Green and producer Jason Blum discuss how “Believer” pays homage to an iconic work while also charting a new “Exorcist” path:
Like the original ‘Exorcist,’ the new ‘Believer’ embraces being a theological thriller
The 1973 "Exorcist" centered on movie star Chris MacNeil (Ellen Burstyn) working with a pair of exorcists (Max von Sydow and Jason Miller) to help her possessed daughter Regan (Linda Blair). It took pop culture by storm and also was an Oscar contender (winning for adapted screenplay and snagging a best picture nomination), yet Friedkin famously disliked his film being referred to as a “horror” movie.
In a 2013 USA TODAY interview, Friedkin called it “a story about the power of Christ and the mystery of faith.” That was the mindset filmmakers had going into “Believer,” Blum says, hoping audiences come out “feeling like you had seen an account of a real story.”

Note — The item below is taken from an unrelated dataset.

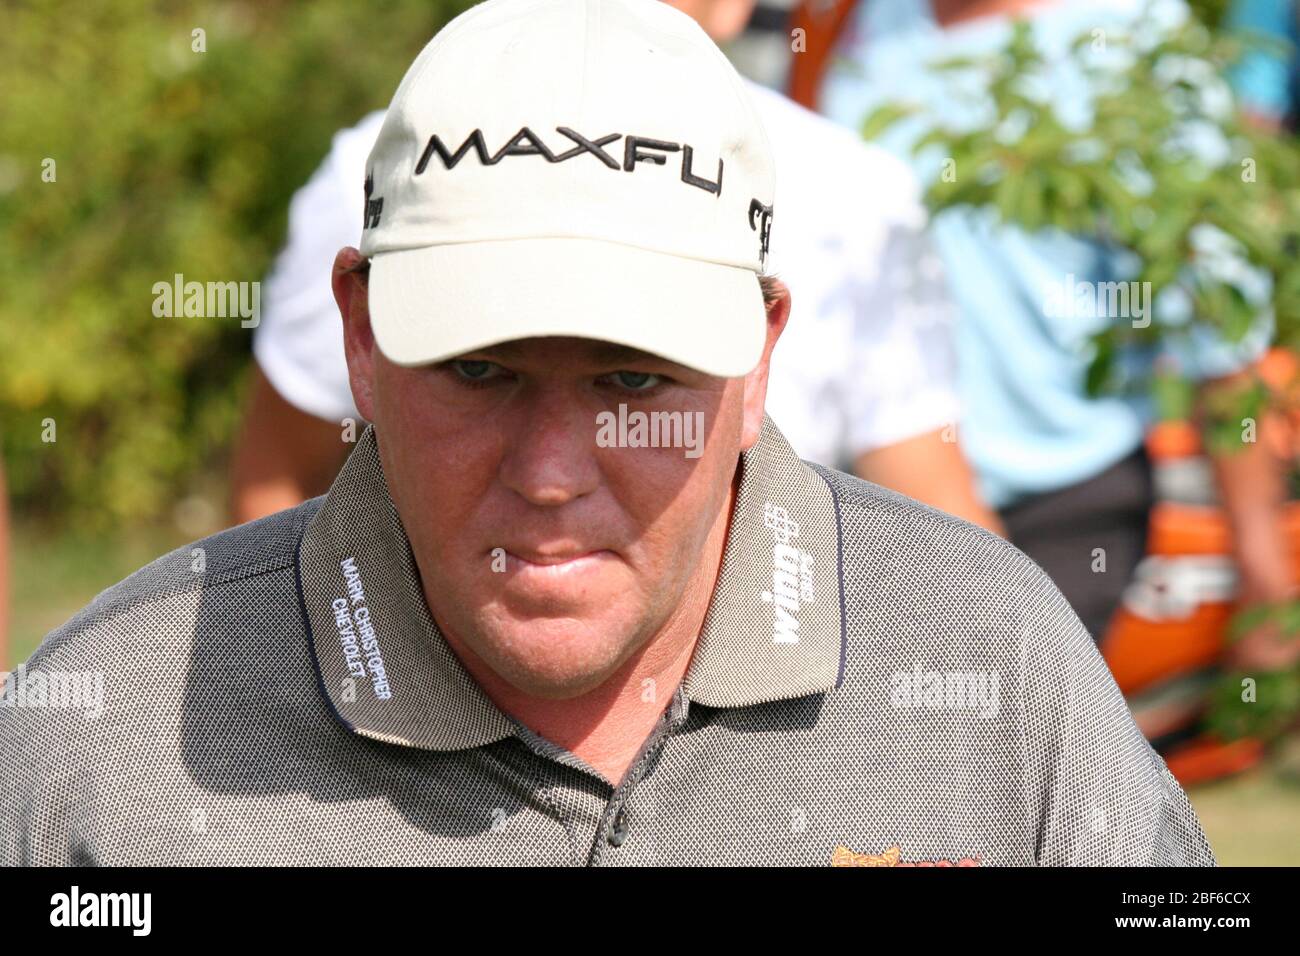 The Legendary PGA Tour player John Daly playing golf in Stockholm / Sweden, Arlandastad, golf course, august 2007. Stock Photo

Green adds that it’s not easy balancing the slow-burn nature of “the scariest movie ever made” with contemporary audience expectations. “When people are fainting in the theater (in 1973), it's because they're watching a girl get a spinal tap, not because there's somebody jumping out of the closet,” the director says.
Halloween horror movies:Peep these 20 new scary films, from 'Saw X' to 'The Exorcist: Believer'
‘Exorcist’ sequel brings multiple religions to the fore – not just Catholicism
“Believer” centers on single dad Victor (Leslie Odom Jr.), a skeptic who lost his faith after the death of his wife, whose daughter Angela (Lidya Jewett) and her best friend Katherine (Olivia O’Neill) go missing for three days and return possessed by an evil spirit. But the exorcism isn’t just priest vs. demon – the girls are also helped by a Baptist pastor, a Pentecostal preacher and a root doctor.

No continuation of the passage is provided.